FIGS. 2 and 3 illustrate a first exemplary embodiment of a connecting and deflecting element according to the invention; FIG. 2 shows a plan view and FIG. 3 shows an isometric illustration. A plate 8, which is basically curved such that it butts smoothly against a hollow body 1 with a certain diameter, has a milled relief 9. Two tension members 4 in the form of cables 11 are positioned in the milled relief 9 and abut tangentially there without buckling. Two chain-dotted lines 10 indicate the lines of action of the cables 11. The lines of action 10 intersect one another at the crossover location 7 and indicate the course taken by the tensile forces running through the cables 11. The cables 11 themselves no longer cross over.
Four threads 13 are provided for a cover (not illustrated), which may be screwed, as a variant, onto the connecting and deflecting element.
In the cross section AA according to FIG. 4, four cables 11 are provided, in each case two cables located one beside the other form a tension member 4. A cover 14 is provided here in order to force the cables 11 to be guided one beside the other. The cover 14 may be designed such that it clamps the cables 11 simultaneously or else is a carrier of a clamping device—which is known but is not illustrated here.
Instead of being produced by milling, the completed plate 8—including the shaping element referred to as the milled relief 9—may be produced by stamping, drop-forging, extrusion or a similar, that is to say generally by a non-cutting, shaping method, which makes it possible to reduce the piece costs to a considerable extent.
FIGS. 5 and 6 are illustrations of a second exemplary embodiment of the connecting and deflecting element; FIG. 5 is an isometric illustration and FIG. 6 is a section BB. This connecting and deflecting element is configured as a hollow body 15 with a curvature which matches the pneumatic structural element of the selected size. The clear height of the hollow body 15, this being provided transversely to the cables 11, is dimensioned such that it corresponds to the diameter of the cables 11 such that these can be drawn in without being clamped.
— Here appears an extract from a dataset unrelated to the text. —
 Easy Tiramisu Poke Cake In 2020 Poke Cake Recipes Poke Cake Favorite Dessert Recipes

The cables 11 can be subsequently clamped in place by deformation of the flat hollow body 15 or by wedging.
A variant of the second exemplary embodiment according to FIG. 7, illustrated in a section analogous to FIG. 6, is provided for accommodating four or more cables 11. Either a tension member 4 then likewise comprises a plurality of cables 11 or it is necessary to uncross crossovers of more than two tension members 4.
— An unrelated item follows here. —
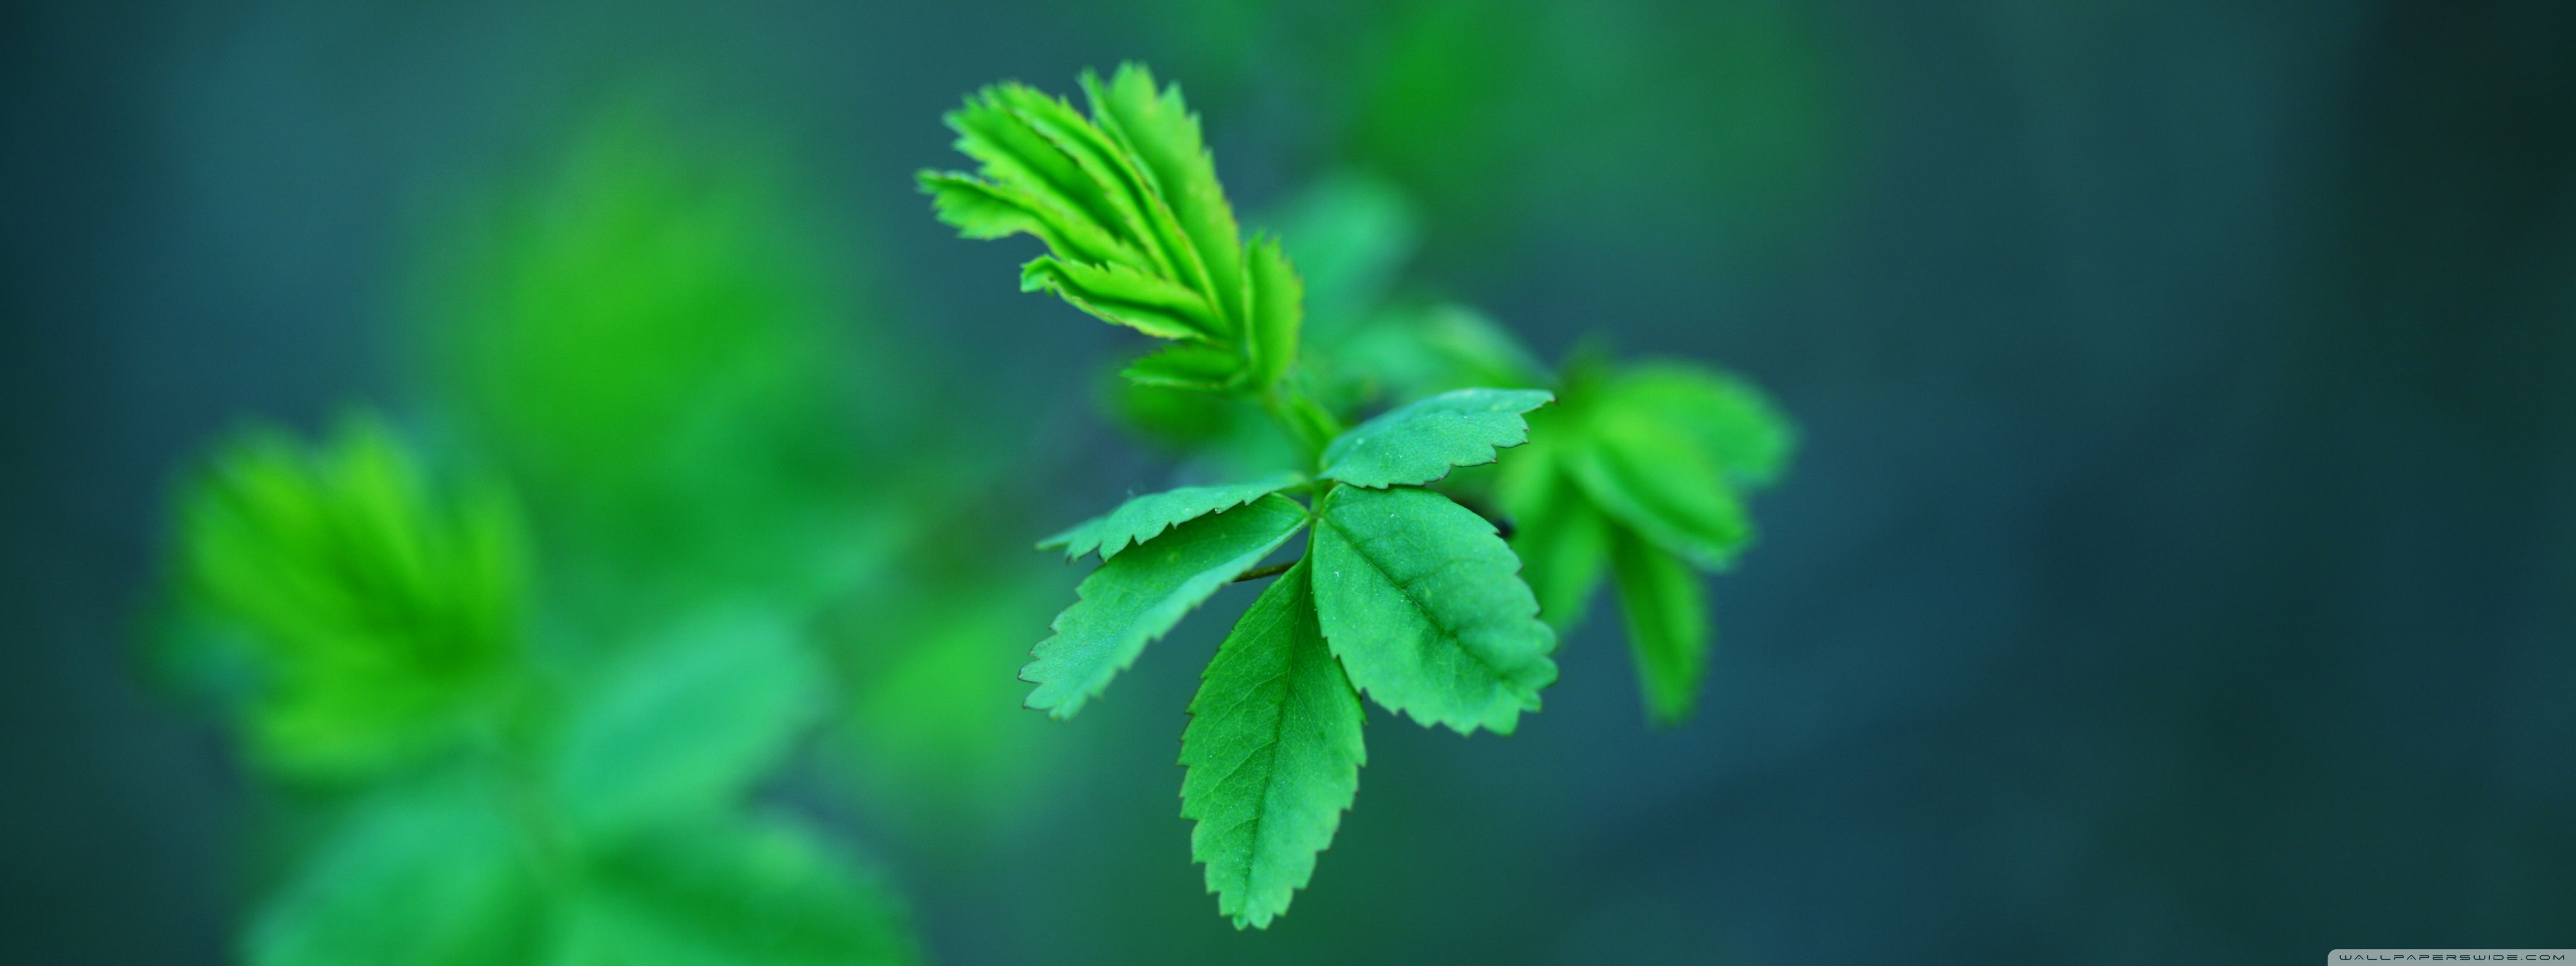 Green Spring Leaves HD desktop wallpaper High Definition

The hollow bodies 15 according to FIGS. 5 to 7 may be shaped from tubular material, either by shaping on an individual basis and/or by extrusion, the latter, in particular, relating to FIGS. 12 and 13.
FIG. 8 shows a third exemplary embodiment of a connecting and deflecting element according to the invention. A connecting and deflecting element 24 constructed from two essentially identical parts 22, 23 is held together by a schematically illustrated screw connection 25. The entire axial projection of the tensile forces thus runs through the screw connection, which is of correspondingly tension-resistant configuration, for which means and materials are known per se. The cables 11 are fastened in anchors 26 with an outer contour in the form of spherical segments. These are located in correspondingly shaped sockets 27, with the result that the fastening locations of the cables 11 are not subjected to the action of any bending moments. Lead-outs 28 for the cables 11 are of correspondingly conical configuration. This makes it possible to allow for slight deviations from the desired geometry of the pneumatic structural element.
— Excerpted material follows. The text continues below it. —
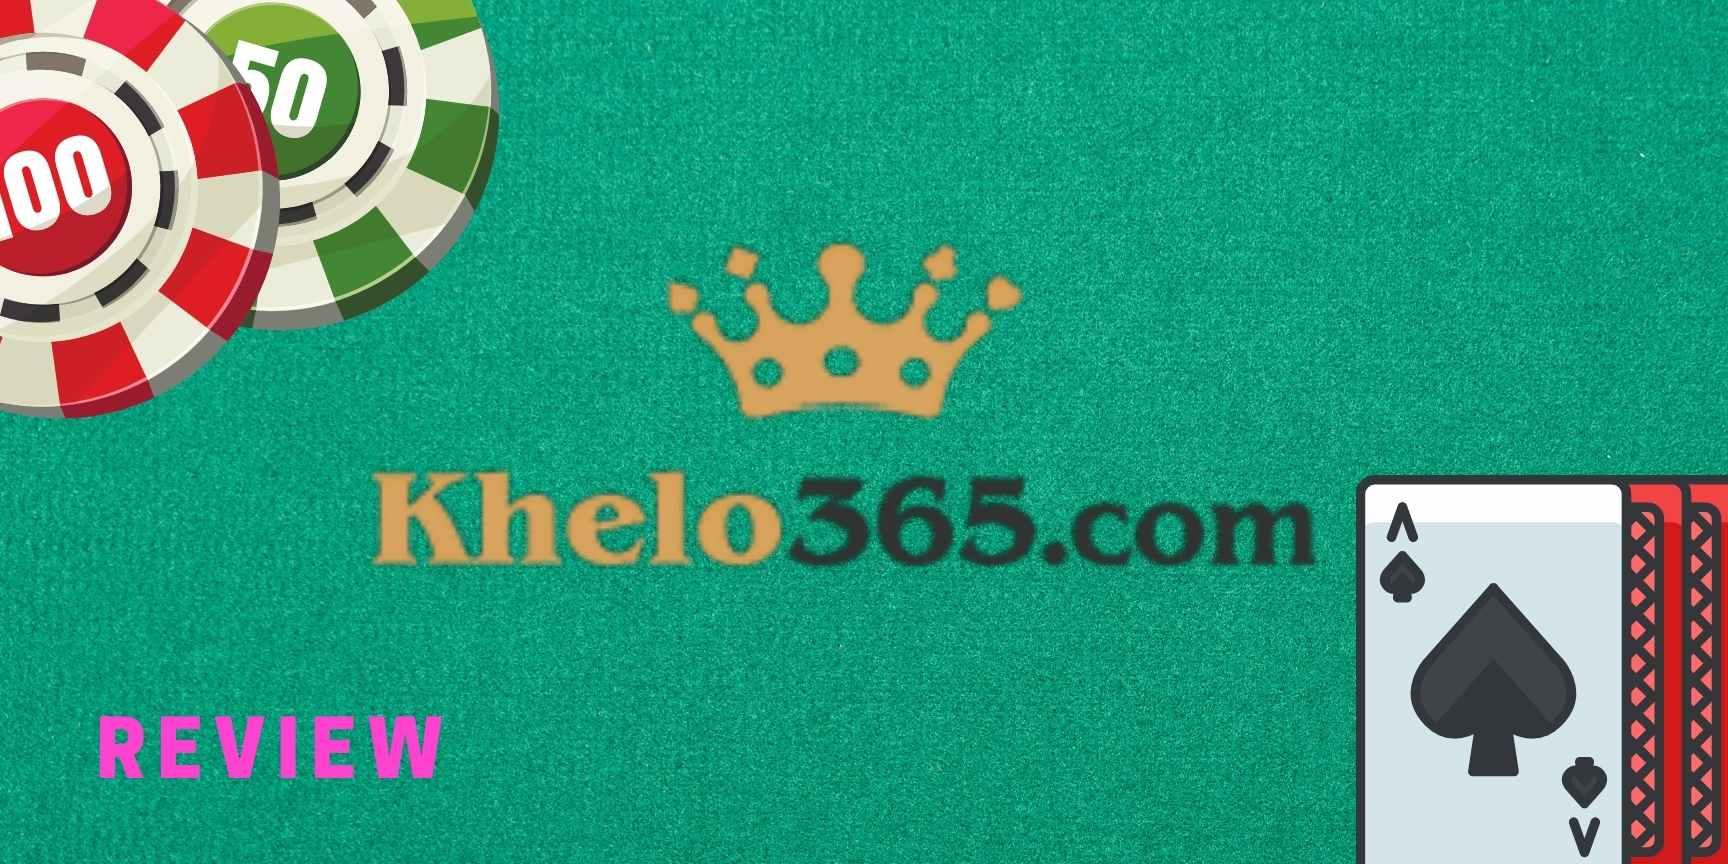 Review of the online poker platform Khelo365

The connecting and deflecting element 24 may be configured, in a manner analogous to that of FIG. 4, as a curved plate or, in a manner analogous to that of FIG. 10, as part of the compression member 2. In the last-mentioned case, the screw connection 25 is purely for adjusting purposes or can also be dispensed with altogether.
Of course, it is also possible for the connecting and deflecting element 24 to be configured for more than four cables 11, irrespective of whether the cables are then to be arranged in one or more planes.
The connecting and deflecting element 24 is used, in particular, wherever numerous tension members are provided for a pneumatic structural element, for example in the case of a pneumatic structural element which is used as a column and subjected to axial loading. It may be advantageous here for the tension members 4 to be subdivided and for the parts to be joined together by connecting and deflecting elements 24. This facilitates, furthermore, a modular construction of pneumatic structural elements.
If a pneumatic structural element has two or more compression members 2, and if each compression member 2, as illustrated in FIG. 1, is assigned two tension members 4, this results in crossover locations 7 on or beneath the compression members. In order to avoid this, variants of the connecting and deflecting element 8, 15 and 24 are provided.
FIGS. 9
a and b show, schematically, how a connecting and deflecting element 8, 15, 24 is divided along its centre line 31, parallel to the compression member, with the result that two functional halves 18, 30 are produced. These functional halves 18, 30 may then be joined together in various ways to form further variants of connecting and deflecting elements which avoid crossover locations 7 on a compression member 2.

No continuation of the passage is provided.